Task item: The part below that opens with the line containing "13th Birthday Engraved" and closes with the line containing "senco-shiny-textured-22kt-gold-earrings-1.7gm" should be copied exactly, minus any pictures.

Given entries section start

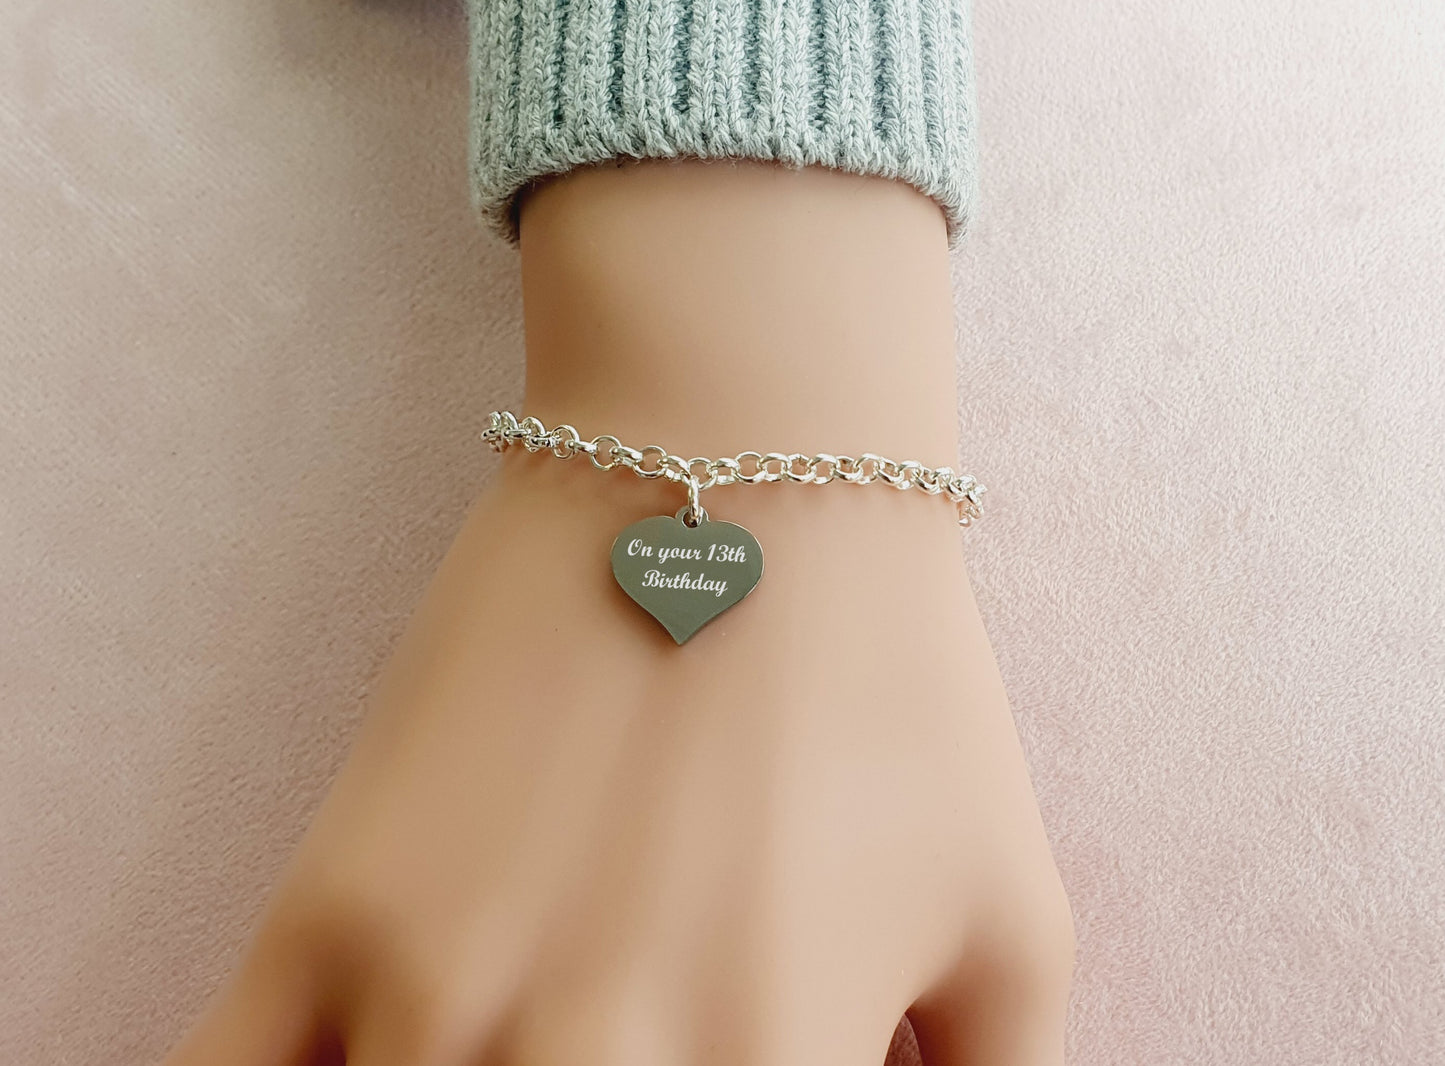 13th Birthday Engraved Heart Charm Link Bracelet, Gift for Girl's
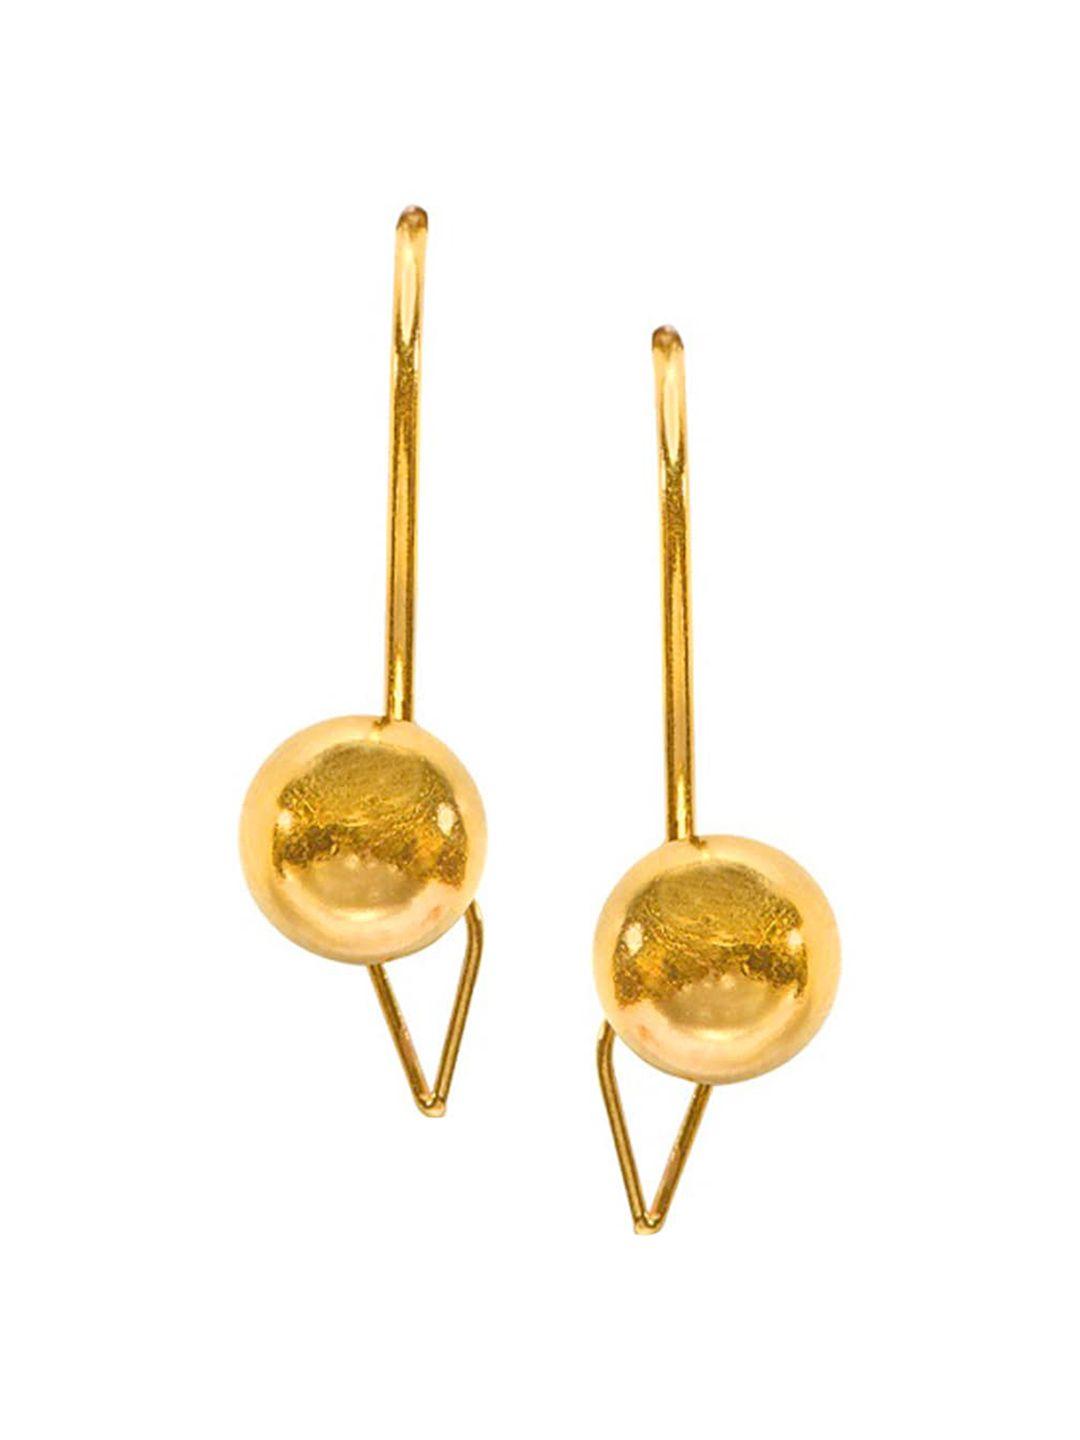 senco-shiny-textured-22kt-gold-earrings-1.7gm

Given entries section end
Given entries section start

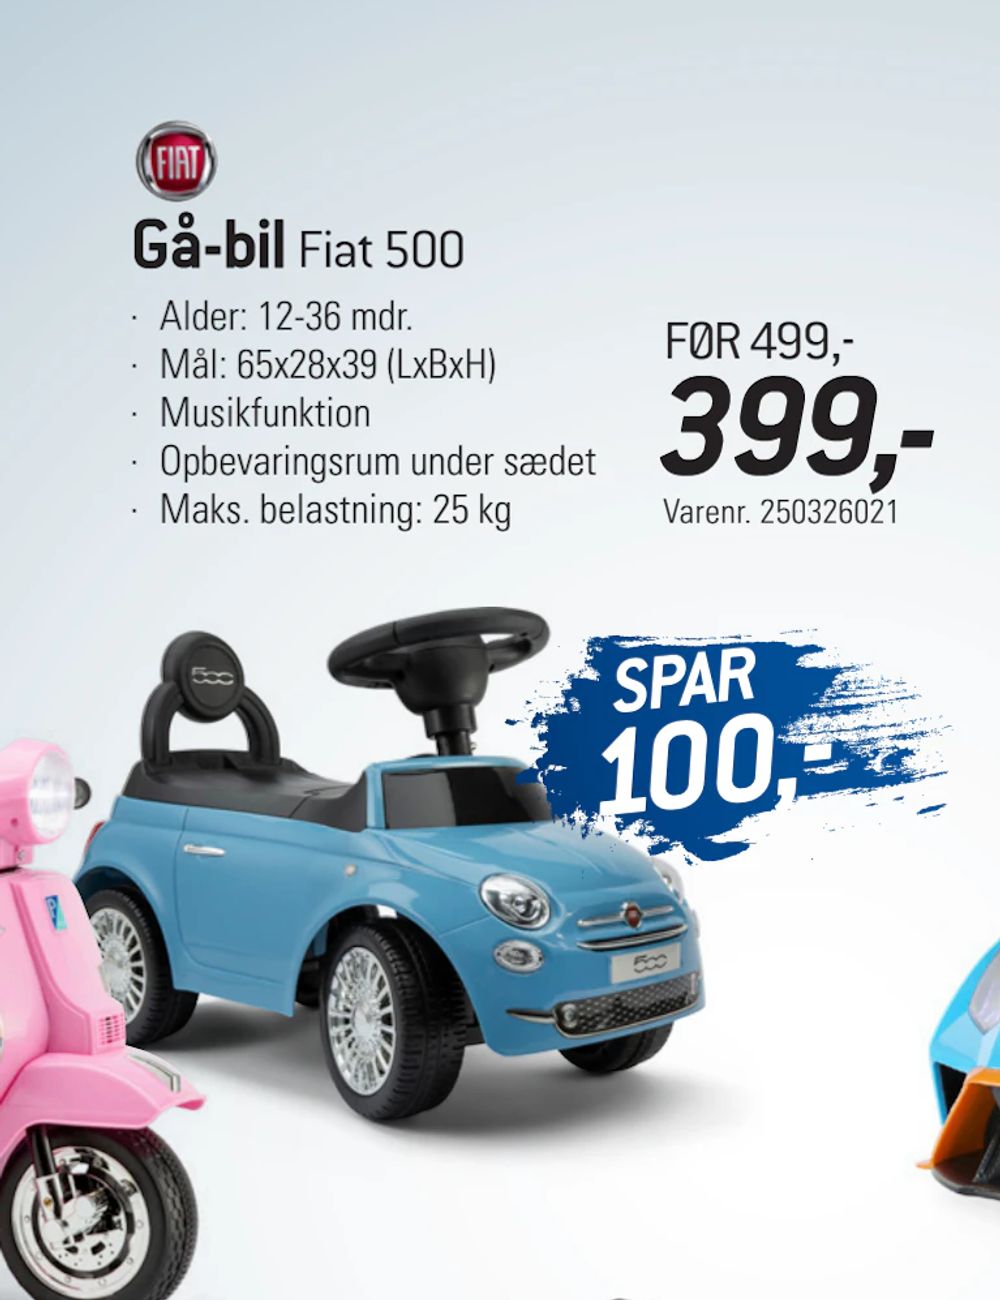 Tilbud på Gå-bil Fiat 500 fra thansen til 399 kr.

Given entries section end
Given entries section start

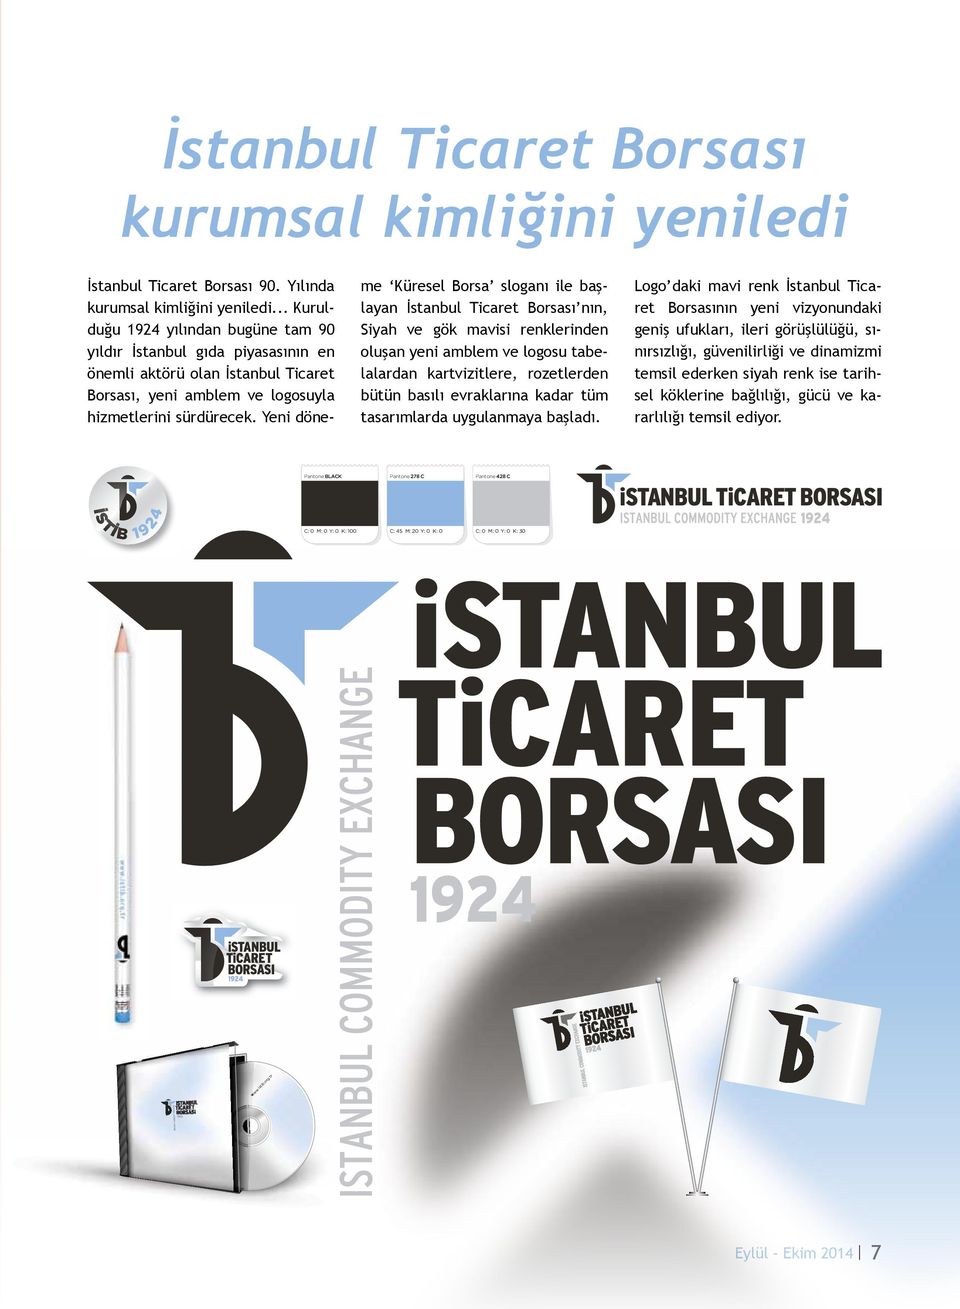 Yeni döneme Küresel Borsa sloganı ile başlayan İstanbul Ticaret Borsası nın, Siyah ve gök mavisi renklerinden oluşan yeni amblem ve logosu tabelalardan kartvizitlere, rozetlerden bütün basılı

Given entries section end

Response area:
 13th Birthday Engraved Heart Charm Link Bracelet, Gift for Girl's
 senco-shiny-textured-22kt-gold-earrings-1.7gm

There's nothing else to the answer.